Compiled by Debaprasad Bandyopadhyay, Akhar Bandyopadhyay

26 Comments

    1. Simple praying to the oligarchic authority does not work. Instead, find out the loopholes of your ‘real’ opponent & destroy the image of your opponent by deploying non-violent means.

      Liked by 2 people

  1. The regulatory authorities should feel shy injustices made to all FD/NCD holders and non promoter share holders leaving them in Air. All ineffective and inefficient quacy judiciary judiciary was sold out. RBI , COC & RP and related corporates all are culprits with integrated pre- measured planning.
    The only ray left to scapegoats intervention of Supreme court.

    Liked by 4 people

  2. Firstly, I thank Mr. Debaprasad Bandyopadhyay Ji for regularly writing detailed letters to all dignitaries and for his noble work intended to provide help to all FD holders of DHFL.

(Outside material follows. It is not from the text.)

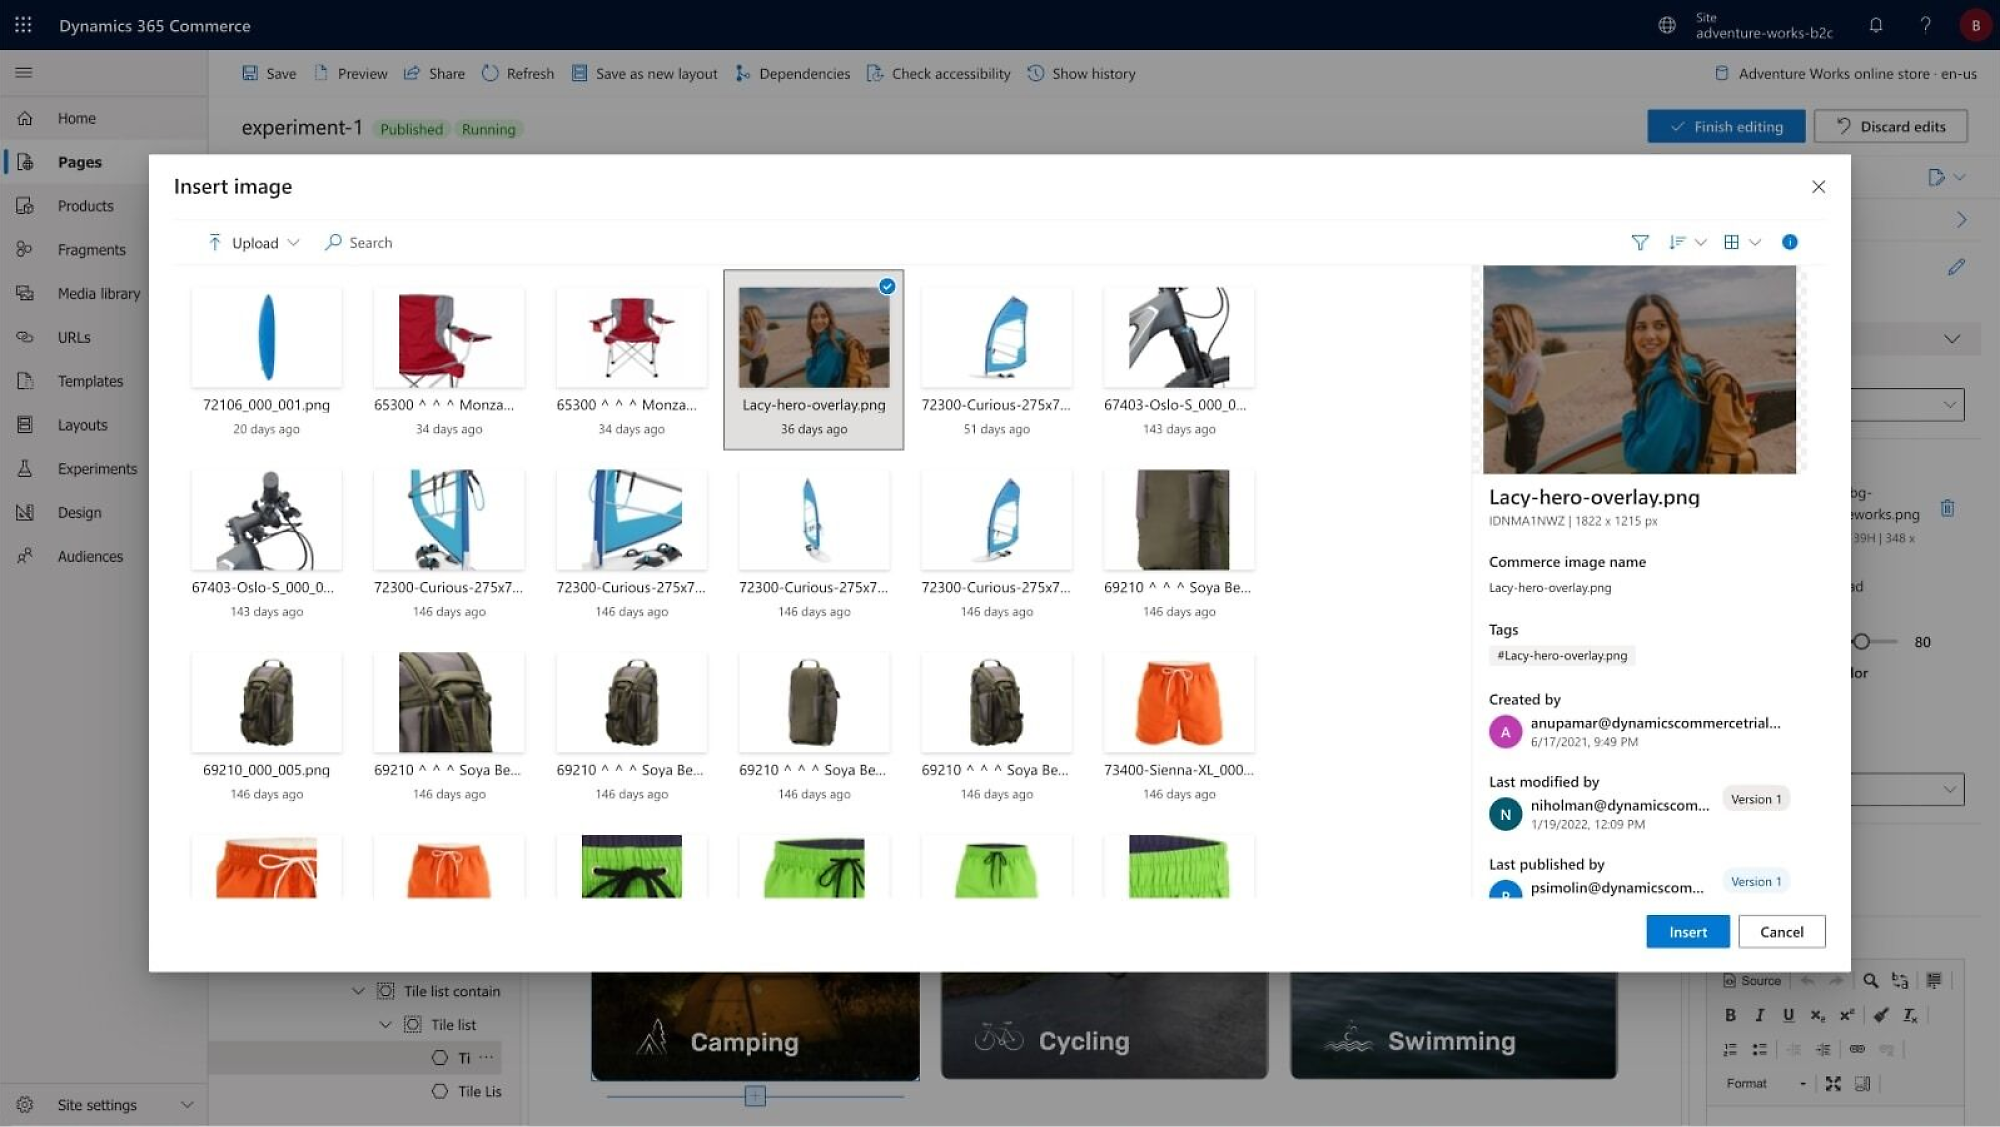 An interface displaying various options and settings for Dynamics 365 Commerce.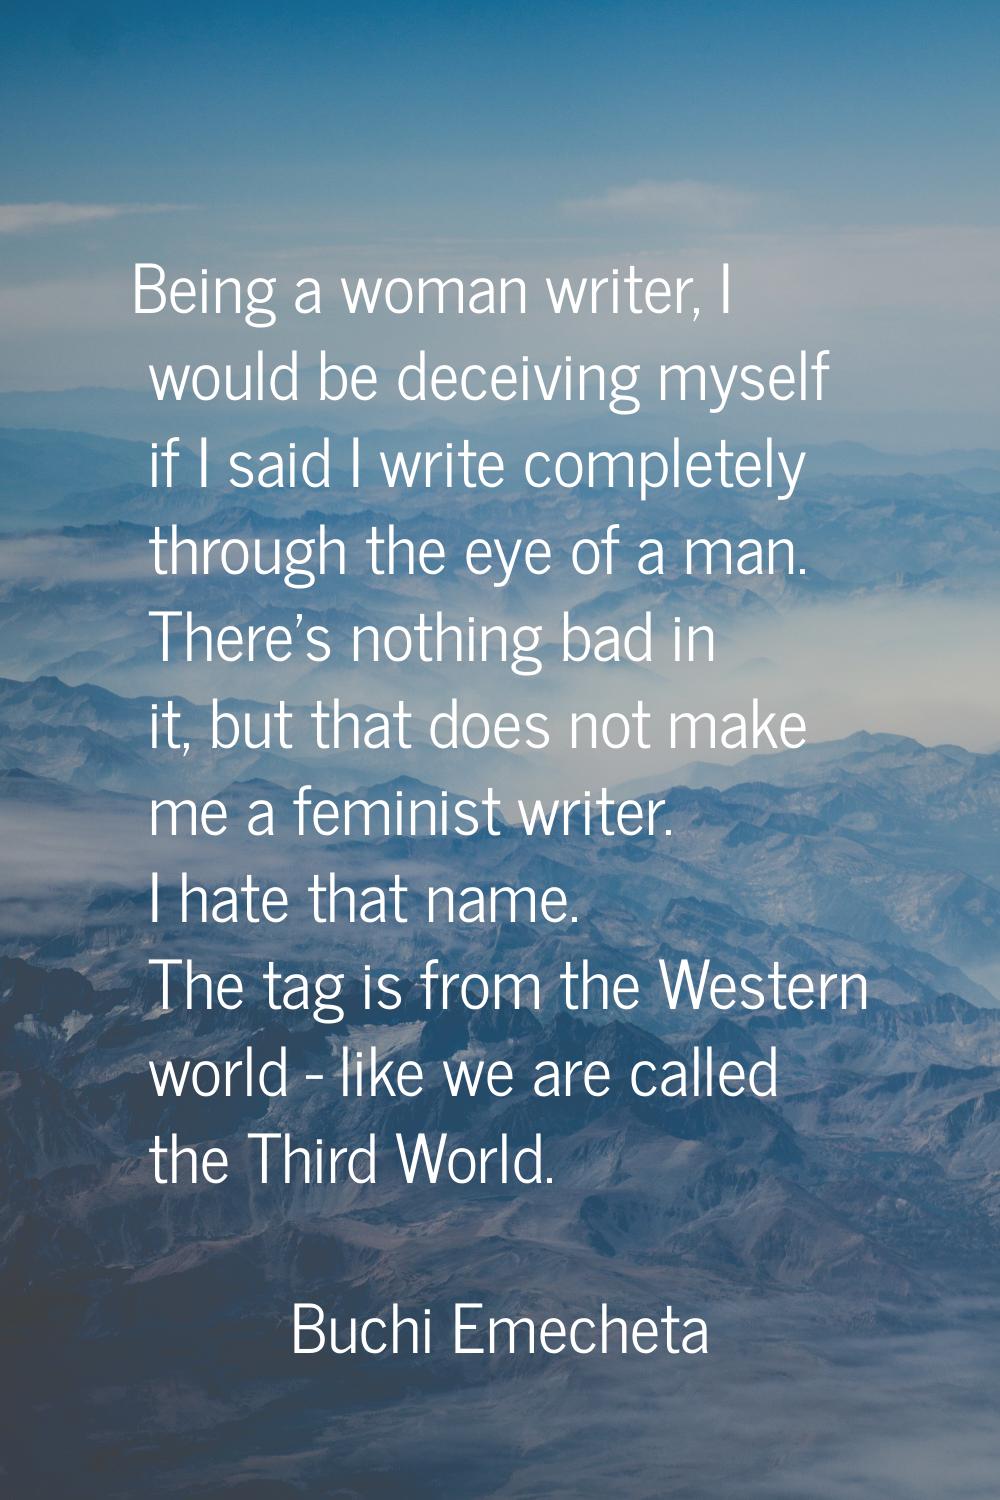 Being a woman writer, I would be deceiving myself if I said I write completely through the eye of a

    Secondly, this letter is highly impressive having all details with all facts BUT simultaneously I am also afraid that Mr. Debaprasad Bandyopadhyay Ji ‘s HARD WORK is becoming fruitless DUE TO NEGLECTING THIS BURNING PROBLEM BY PM/FM/RBI/JUDICIARY & DIRECTLY SUPPORTING CULPRITS. ALL OF THEM HAVE DECIDED NOT TO ALLOW HONEST JUDGEMENT & WILLFULLY GIVING FULL LIBERTY TO CULPRITS TO LOOT INNOCENT FD HOLDER OF DHFL.

    Liked by 4 people

  3. Liked by 2 people

  4. One of DHFL group members in my Facebook account posted this text which contains bitter truth

    1): -Why the Cash flow generating retail Segment of DHFL pushed for Insolvency under IBC when there are other modes of Financial Restructuring i.e Take Over,Merger&Acquisition,De-merger,Leverage Buy-out,Split Off,Spin-Off etc
    2): -Why the Rating agencies giving misleading ‘AAA’ rating till the public announcement Insolvency
    3):- Why The HFC covered under NHB Act protecting the interest of Fd holders are not taken Care-off under IBC.
    4):- Why the MOF, MCA not protecting the interest of Sr. Citizen FD & NCD holders money by doing there due diligence when the total Financial System under Super vision of RBI, SEBI are at stake
    5):-Why The RBI & NHB’s Non supervision and lack of Corporate Governance of DHFL and are not taken care off in due time when the Cobra Post all ready disclosed the anticipated Scam & Fraud against the interest of Innocent FD&NCD holders. 6):-This lack of Corporate Governance,transparency of Audited Financials,Incorrect Rating of FD gives wrong signal to the corrupt financial System of India at large in Global perspective and which impact the FDI and growth trajectory of India in Long term if not immediately.
    7):-This non performance and lack of Monitering & Supervision, Corruption at the cost of lifelong savings of FD&NCD holders which are not highlighted in to media to give proper pressure to the Authority under helm of affairs. 8):-More over there Should have a Continuity of Governance & Transparency of Systems which should be isolated from the political agenda of rulling parties under power as they get changed but the system will continue in growth direction in larger benefit of the Country.